And then, of course, there's a whole bunch of table stakes stuff. They have to be running their
business well. They have to be a good leader that people want to work for. They have to hire
a great team that elevates them and the company. They have to be thoughtful and strategic about
the market space that the company's in. They're not just working the levers in the factory,
they're thinking like, what new markets should we enter? What new growth areas should we employ?
Like we just talked about, what new companies should we acquire? They also need to be thinking
ahead. And I think being good on metrics, good on strategy, and good on market helps CMOs
spar with CEOs in a way that builds trust. It's interesting that you say that block post you
titled most CMOs get fired, and it connects with something KC winners noted that most CPOs also
get fired. Chief product officers, I forget the quote, but it's something like the most you can
help for is a couple swings at the bat before you get fired as a CPO. Why do you think this is so
common for these kind of chief C-suite roles to startups to not work out? They're incredibly
hard jobs, right? The chief product officer and the chief marketing officer are both
strategy jobs with difficult to measure results because some of them are direct and some of
them are indirect. And I think both of them get swept up when a company's not performing well,
too, right? Like if company's not performing well, you can kind of swap out the head of product and
the next one will be more strategic and deliver faster. And in fact, I've worked in one of the
roles. The CFO was really after my chief product officer and ultimately got him fired because he
wanted to move everything offshore and develop faster and he didn't want to replatform and he
didn't want to deal with the technical debt. And the CFO was sure that it was the CPO's fault.
And then they got rid of the CPO and the CFO tried his plan and it didn't work. And then you bring
someone in who's like, no, like I had the right plan. So, you know, both of them were tough jobs
and they require a high bar of excellence, a high connection of trust. And then I think just
endurance to keep going and find the next role where you're really a fit and the company really
has momentum. And it also reminds me, I was just talking to, I think it was Canva where their first
engineering hire is now their CTO still and the first marketing hire is their CMO still. So,
it does work out on occasion. It works out on occasion. And in fact, I've been playing around
with a 10-part series about those CMO's and the CMO world because there's about 10 to 15 CMO's who
have started when it's really small and grown all the way. And they're the ones we really want to
learn from. And I know a lot of them and really admire their work and have learned so much.
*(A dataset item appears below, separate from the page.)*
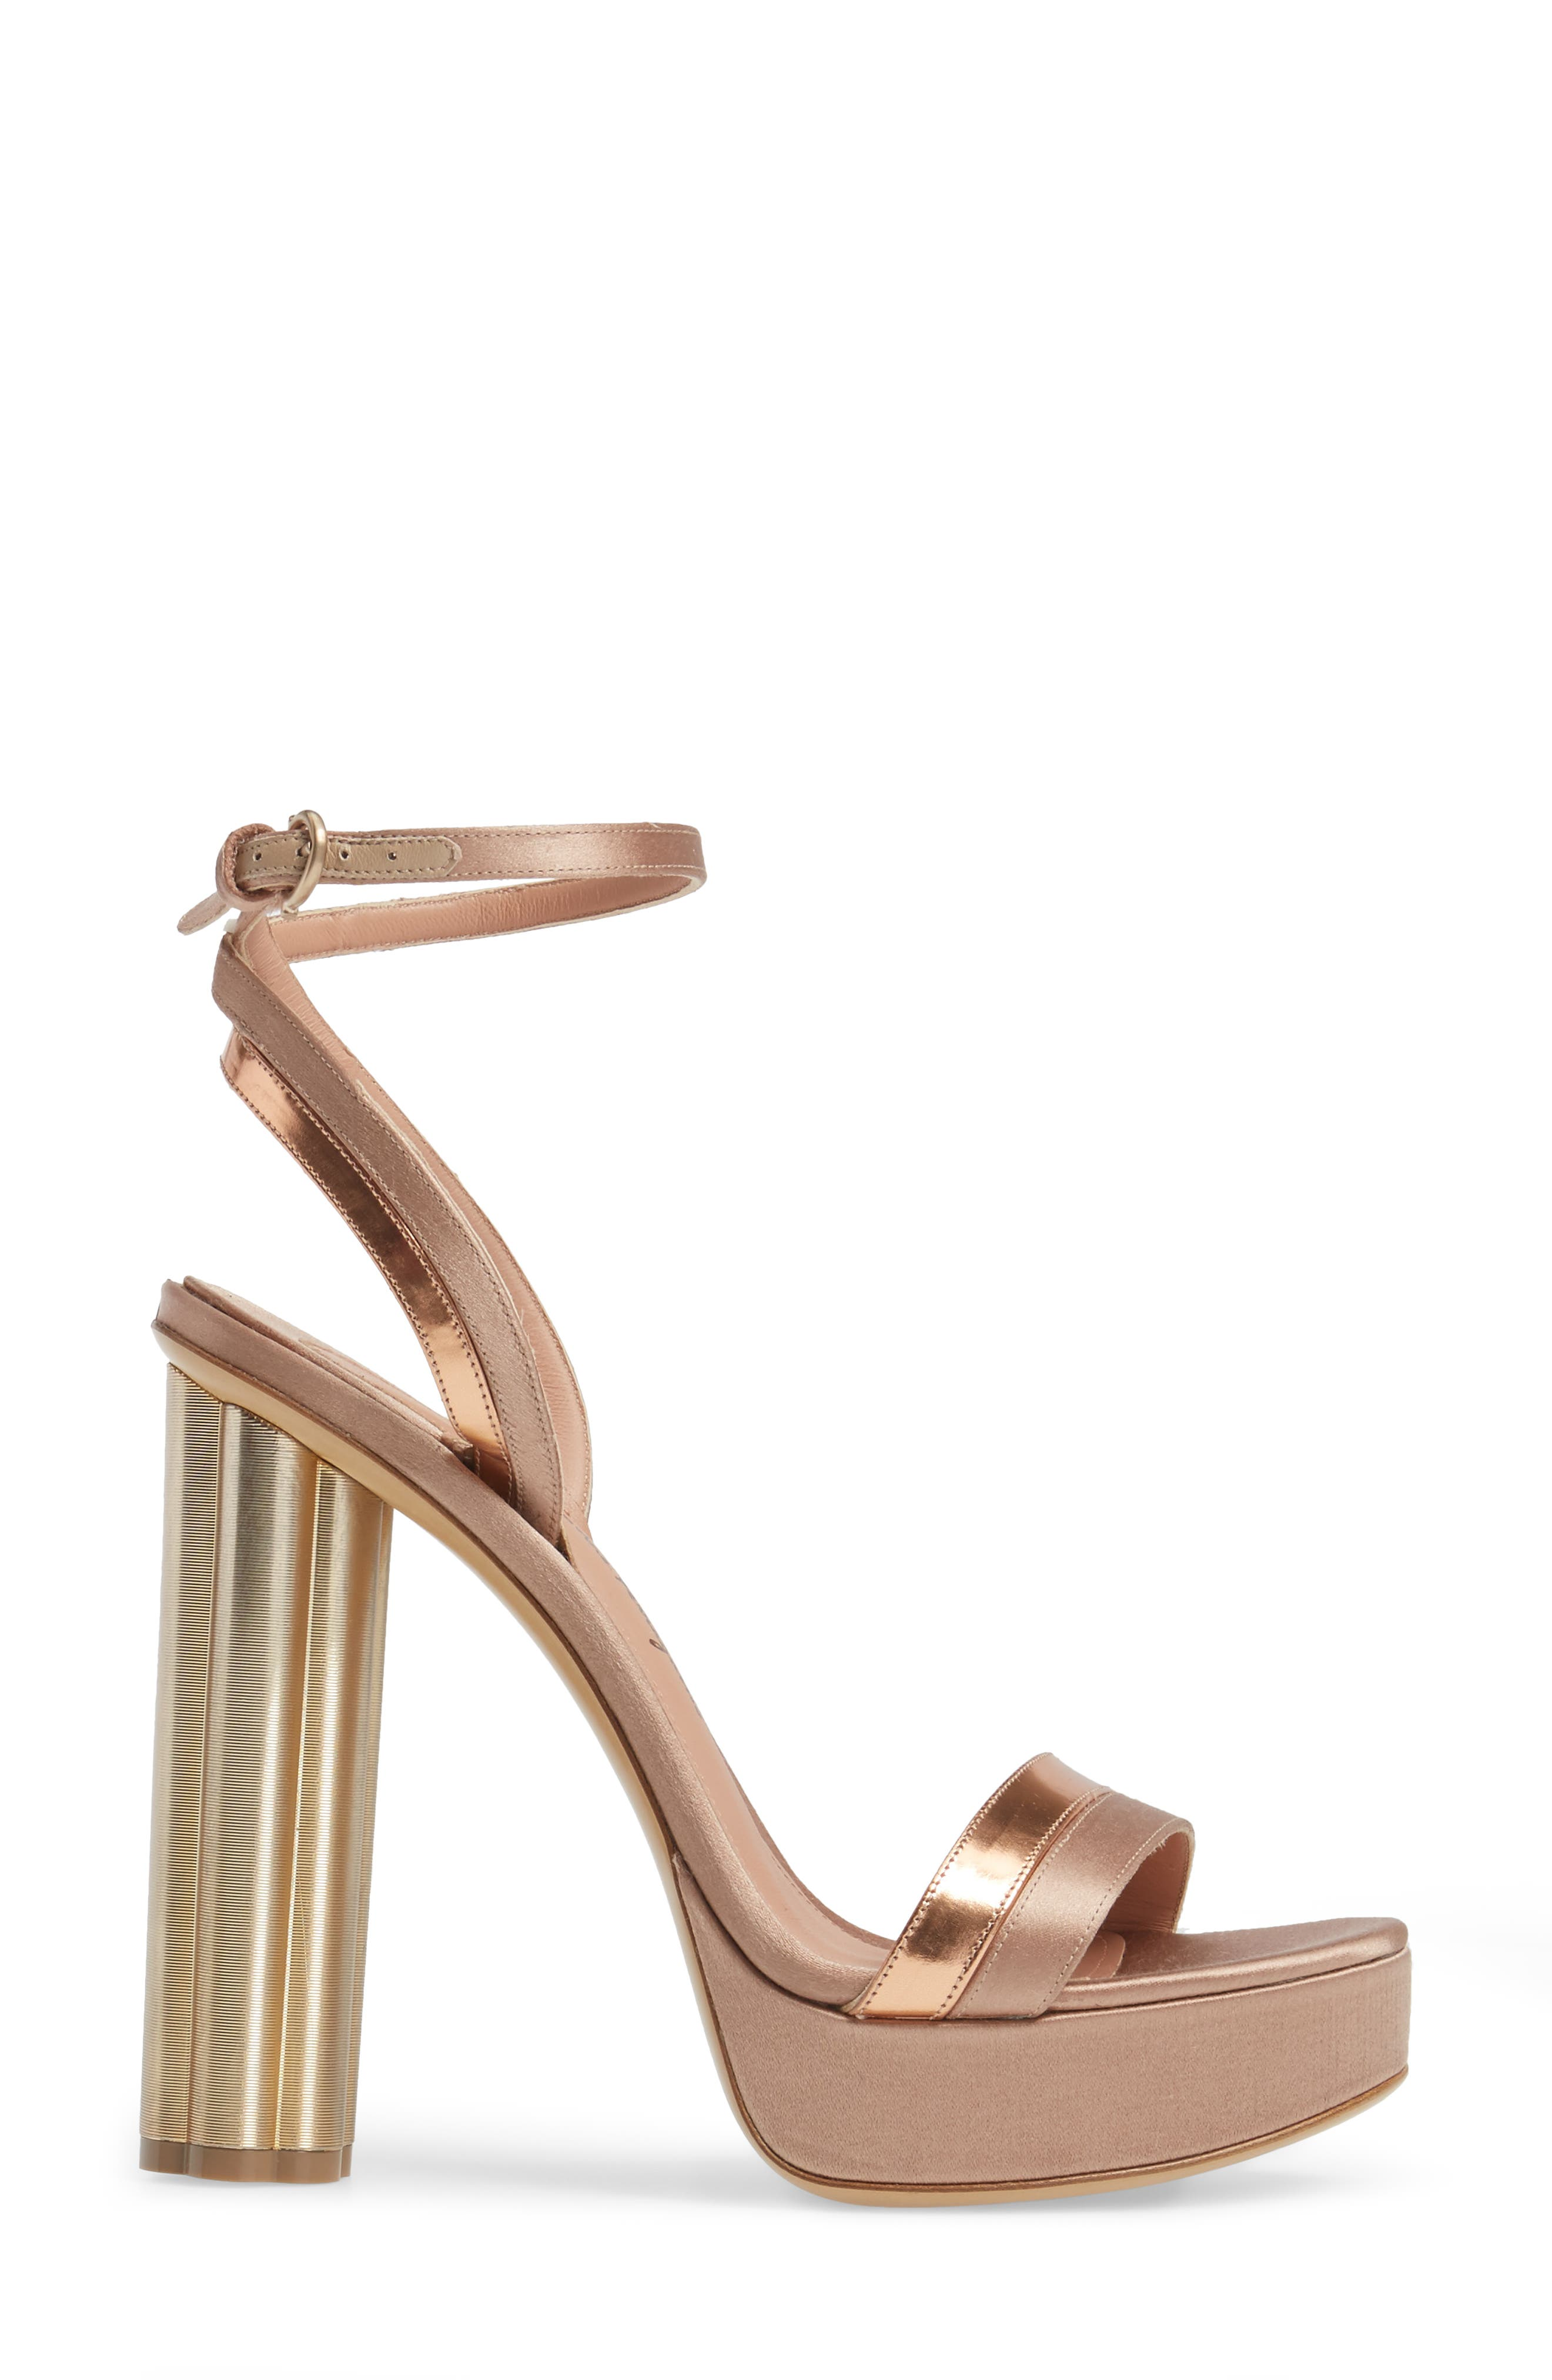 Ankle Strap Platform Sandal,                             Alternate thumbnail 3, color,                             710

You should absolutely do that. That sounds very cool. You talked about how you work with companies
from $30 million to $500 million. What is it about that stage that's unique and what happens
like after $500 million and what's the difference before say $30 million? I know it's not an exact
number, but how do you think about that range? It's not an exact number. My bottom number is
because there's this early stage of product market fit where the founder and the company are trying
to figure out who their real ideal customer profile is and can they sell to them consistently.
So, I've worked for some early stage startups where we've tried lots of different things,
but they're not repeatable. You can't scale it. This product works for this. This product
works for this too. And it works for this, but those are all unique cases, studies.
I like and my skill is in helping people scale. If they've already found product market fit and
they've gotten some funding or they're bootstrapped but have enough funding to really be trying to
build out marketing in a marketing team, that's when I know what each stage looks like. So,
I know what $30 million great teams look like and $50 million and $100 million and $150 million,
$200 million. My ride at Atlassian was from about $100 to $500. And then over $500,
the act of going public, being an early stage public company, I know what that all looks like.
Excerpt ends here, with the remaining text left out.